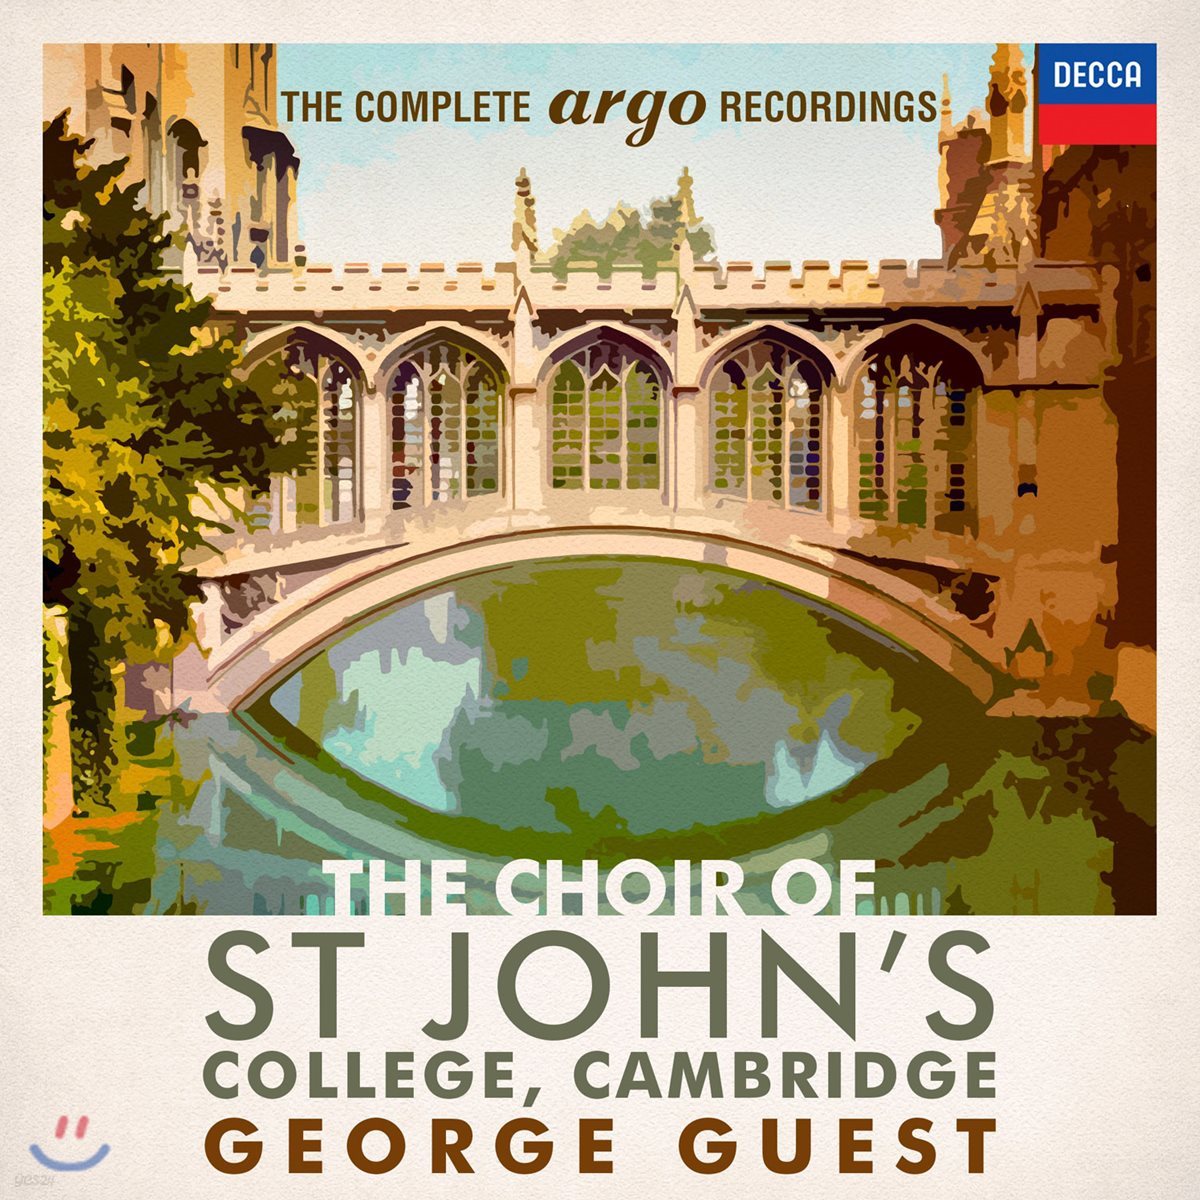 캠브리지 세인트 존스 칼리지 합창단 - 아르고 녹음 전집 (The Choir of St. John&#39;s College Cambridge - The Complete Argo Recordings)
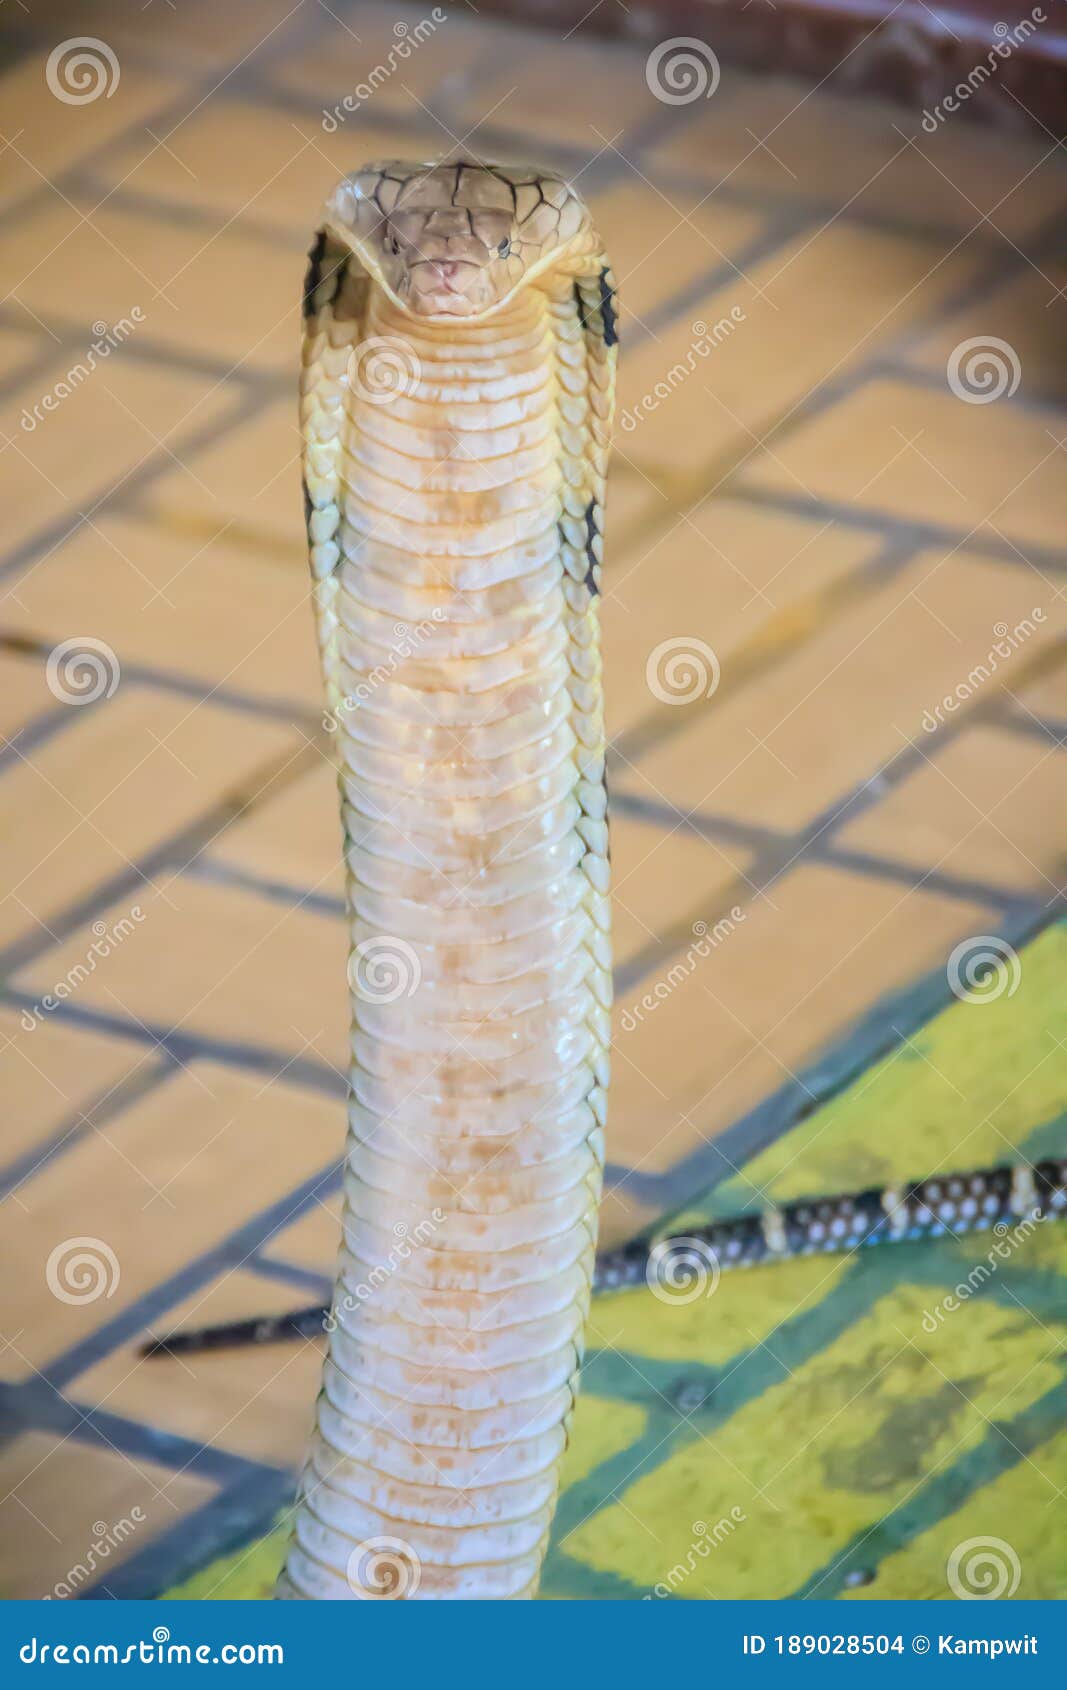 蛇王。Snake King. (Hong Kong Cantonese speakers might appreci… | Flickr
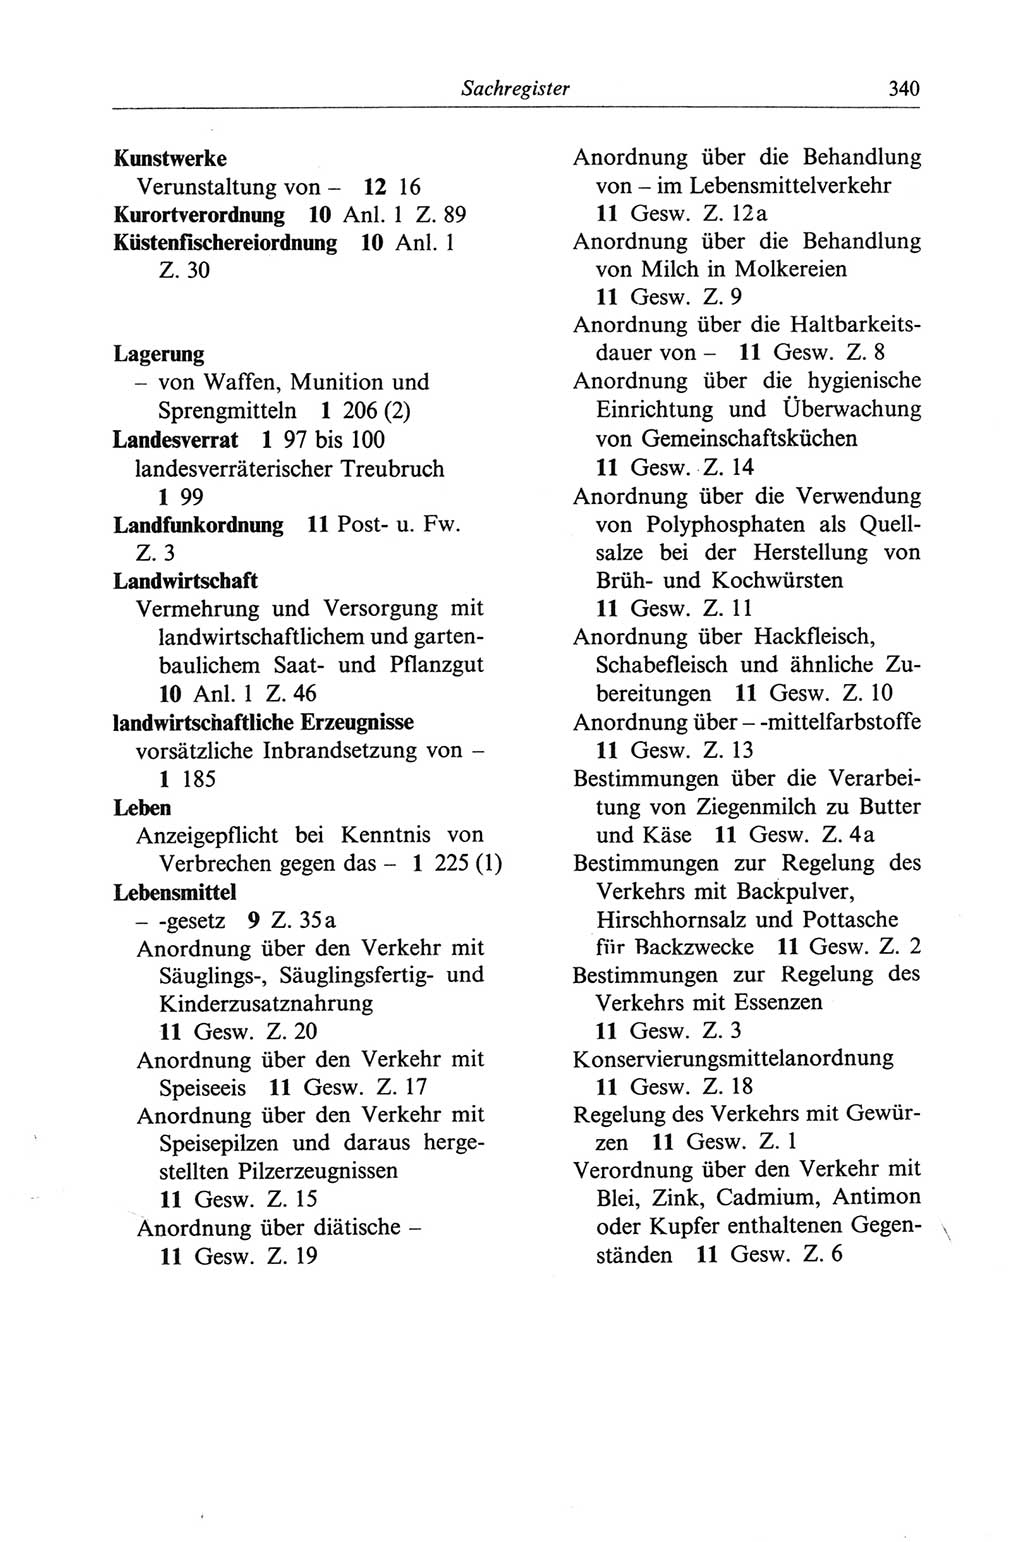 Strafgesetzbuch (StGB) der Deutschen Demokratischen Republik (DDR) und angrenzende Gesetze und Bestimmungen 1968, Seite 340 (StGB Ges. Best. DDR 1968, S. 340)
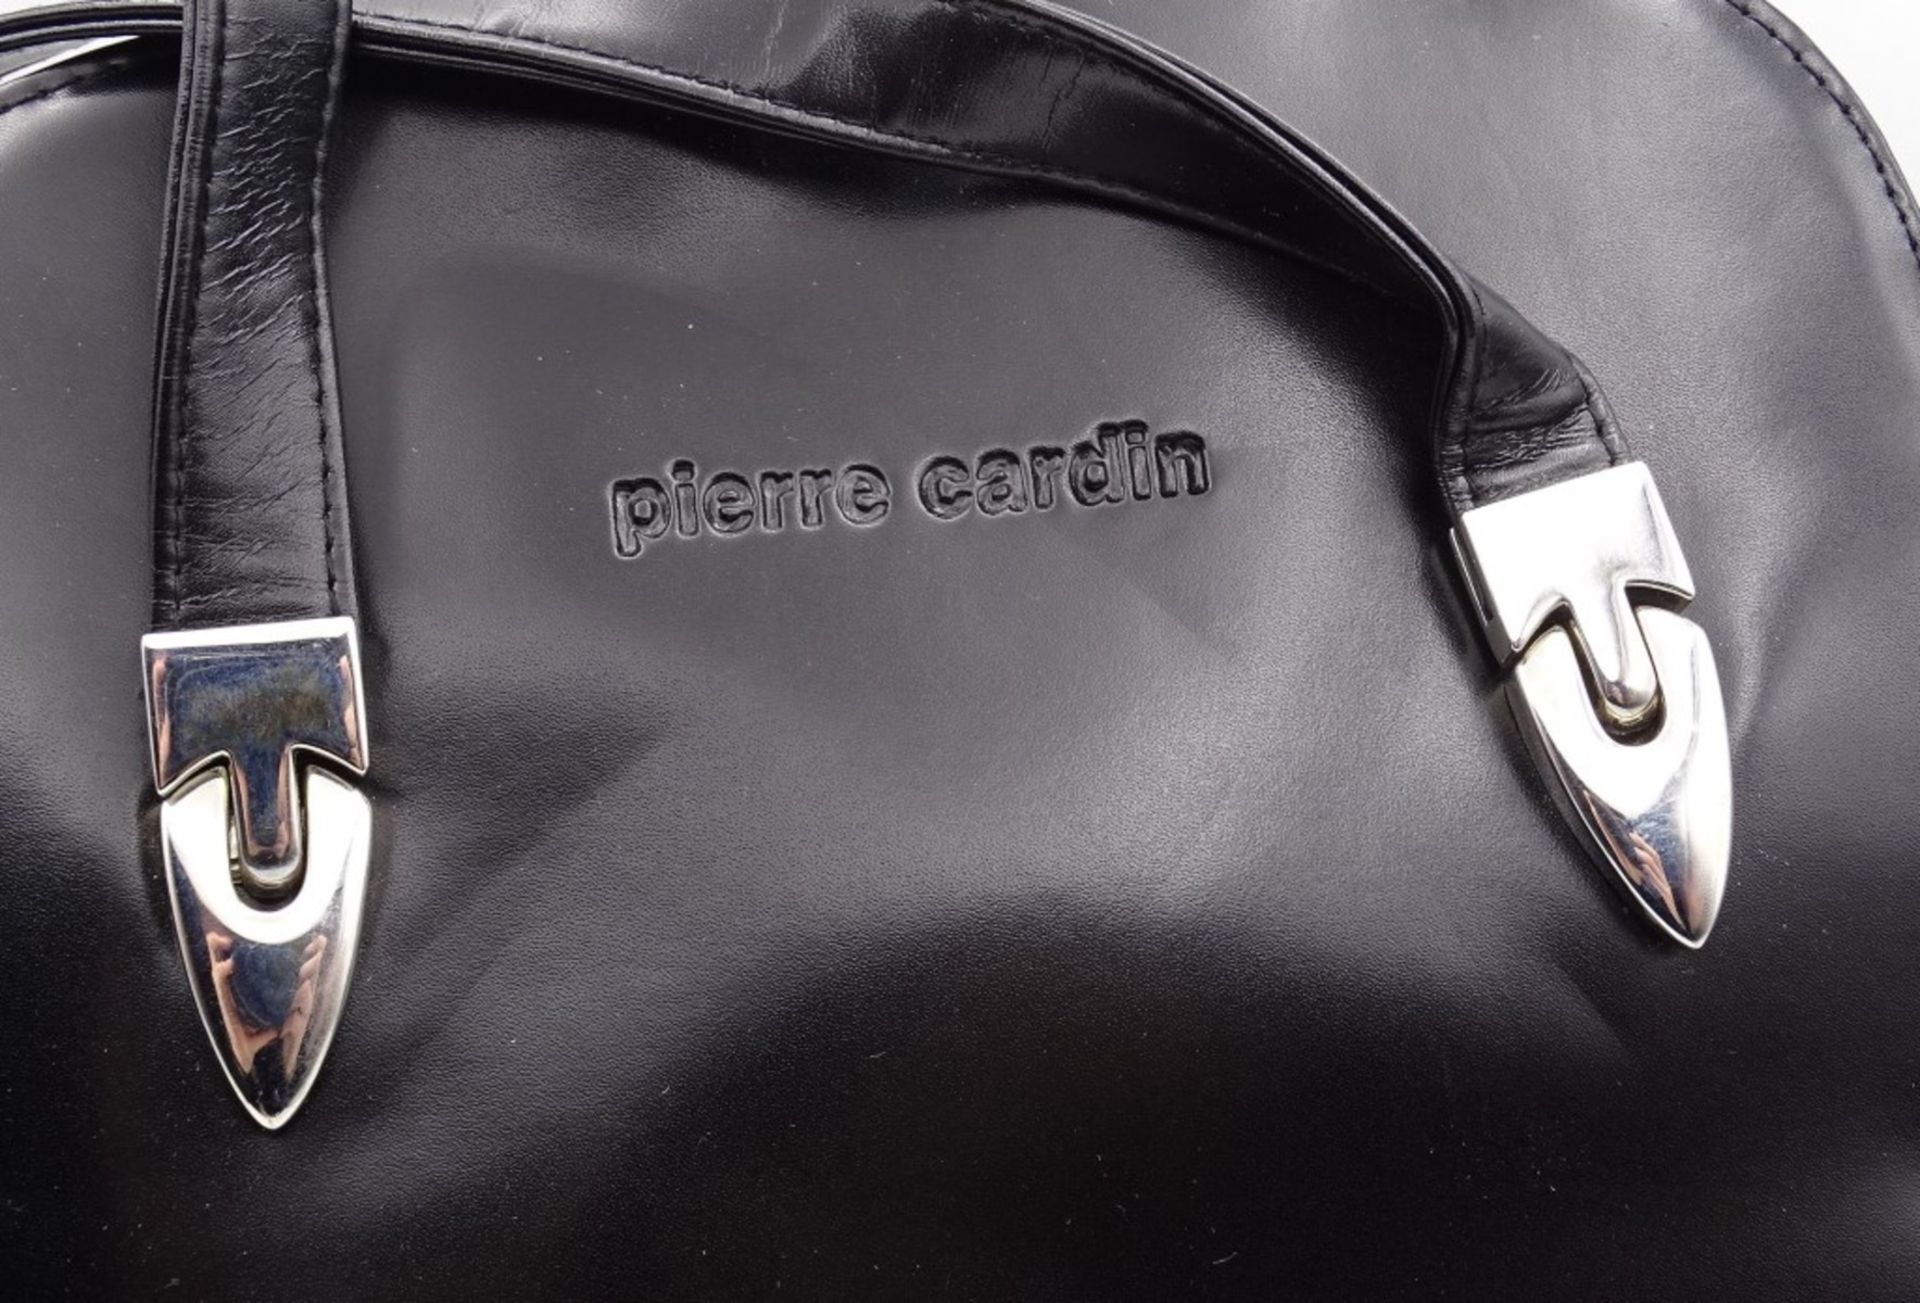 Damentasche "Pierre Cardin",schwarz,guter Zustand, 24 x 28 cm - Image 2 of 4

## [Activity]
Could you return, word for word, every line from the line with "Strafgesetzbuch (StGB) der" through the last line of the listing above, both ends included, without any pictures?

## [Answer for the task]
 Strafgesetzbuch (StGB) der Deutschen Demokratischen Republik (DDR) und angrenzende Gesetze und Bestimmungen 1968, Seite 340 (StGB Ges. Best. DDR 1968, S. 340)
 Damentasche "Pierre Cardin",schwarz,guter Zustand, 24 x 28 cm - Image 2 of 4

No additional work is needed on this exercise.